Many colleges increased class sizes and added class sections.

Across the country, many community colleges have felt similar pressures. The battered economy drove many workers back to school to retool their skills, while others have eschewed a four-year degree in favor of a more affordable two-year program.

Education experts say that the Obama administration also put the nation’s 1,200 community colleges on the radars of more students this summer. Praising the colleges’ role in developing the work force, President Obama called for $12 billion in new federal financing for community colleges and set a goal of five million more graduates by 2020.

While such money would go a long way toward meeting that goal, for now community colleges, like all publicly financed colleges, are struggling with budget cuts just as they face the greatest demands.

“The community college is a second-chance institution for the country,” said Patrick M. Callan, president of the National Center for Public Policy and Higher Education. “Most people would agree that this is not a good time in terms of the economic competitiveness of the country to be turning people away.”

Last month, Gov. David A. Paterson proposed midyear budget cuts for many state agencies. Higher education would be hit especially hard. CUNY’s chancellor, Matthew Goldstein, said the cuts would result in a “deficiency of about $9 million in operating aid” to the community colleges.
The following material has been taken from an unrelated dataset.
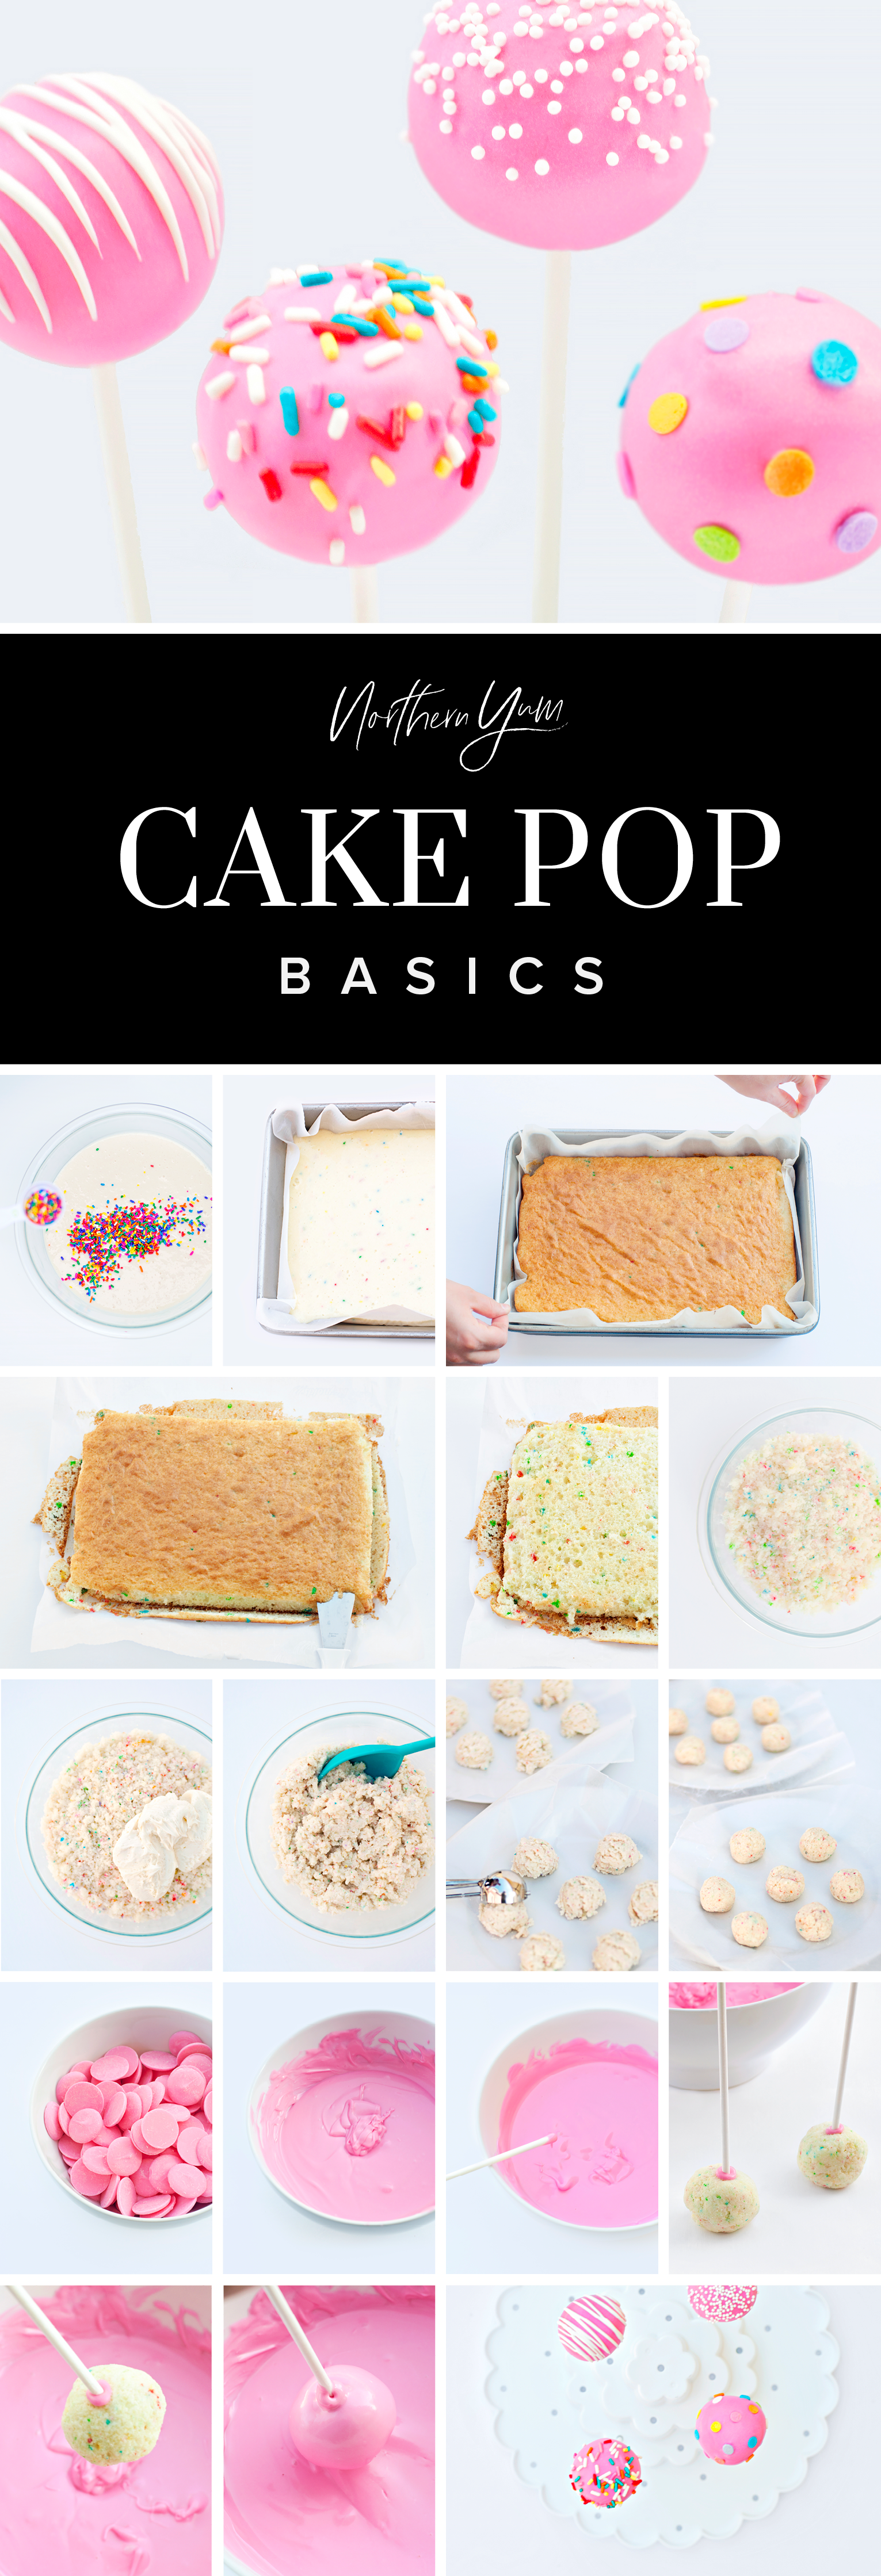 Cake-Pop-Basics-Pinterest1

Dr. Goldstein said he faced a “moral dilemma”: turning away students who may have nowhere else to go, or continually expanding enrollments but jeopardizing quality.

At the Borough of Manhattan Community College, the president, Antonio Pérez, said the decision to close enrollment on June 22, which the admissions office announced on its Web site a week earlier, had been difficult. “It’s almost like trying to stop a large ship in the middle of the ocean,” he said. “I expect we will be turning away students next semester as well.”
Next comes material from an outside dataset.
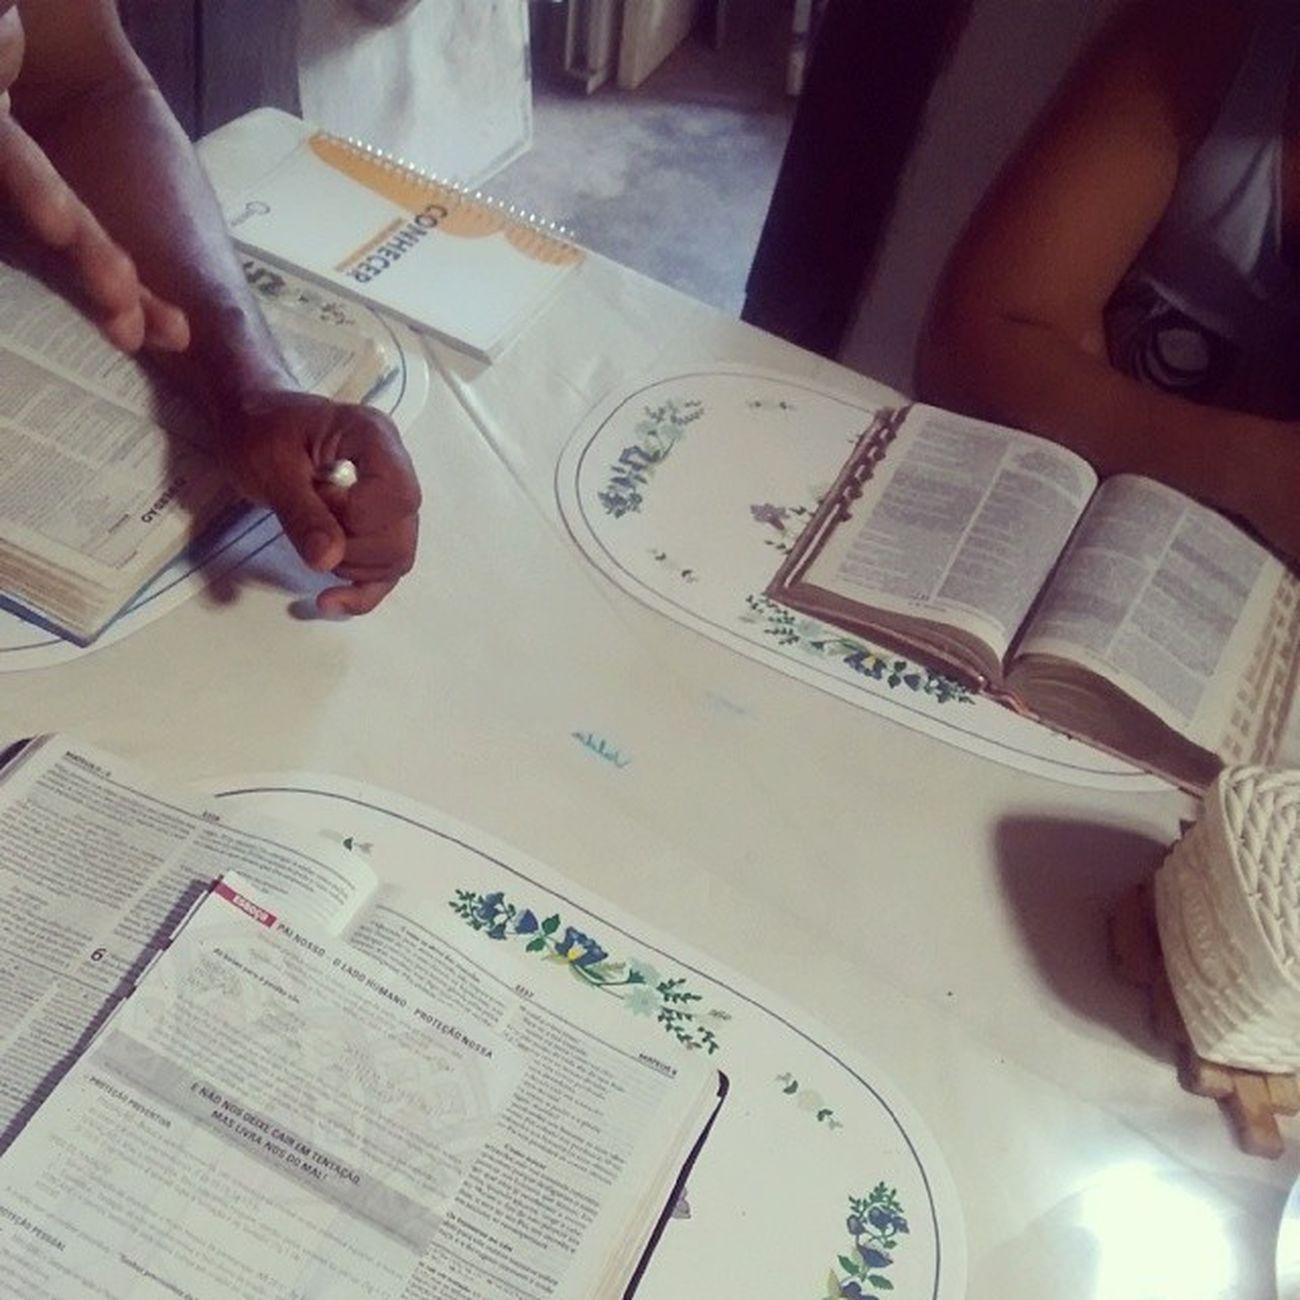 Meditação em família. GodisMyLord Godislove GodFirst IAMSECOND Worship

A new community college that CUNY has been planning for a few years is still on track. But the college, which is scheduled to open in 2011 or 2012 on the West Side of Manhattan with only about 3,000 students, would not do much to alleviate overcrowding in the rest of the system.
At LaGuardia, signs abound of a college under stress. Classes now begin as early as 6:45 a.m.

The line for the 170 computer work stations in the library can snake around the stacks at lunch time, and the wait sometimes stretches to 45 minutes.

Still, Ms. Taylor, who plans to apply for the spring semester, is eager to join the throng. She is now working on commission as a telemarketer, making cold calls for a company selling credit card terminals. “I can make 200 calls and probably sell four products the whole day,” she said.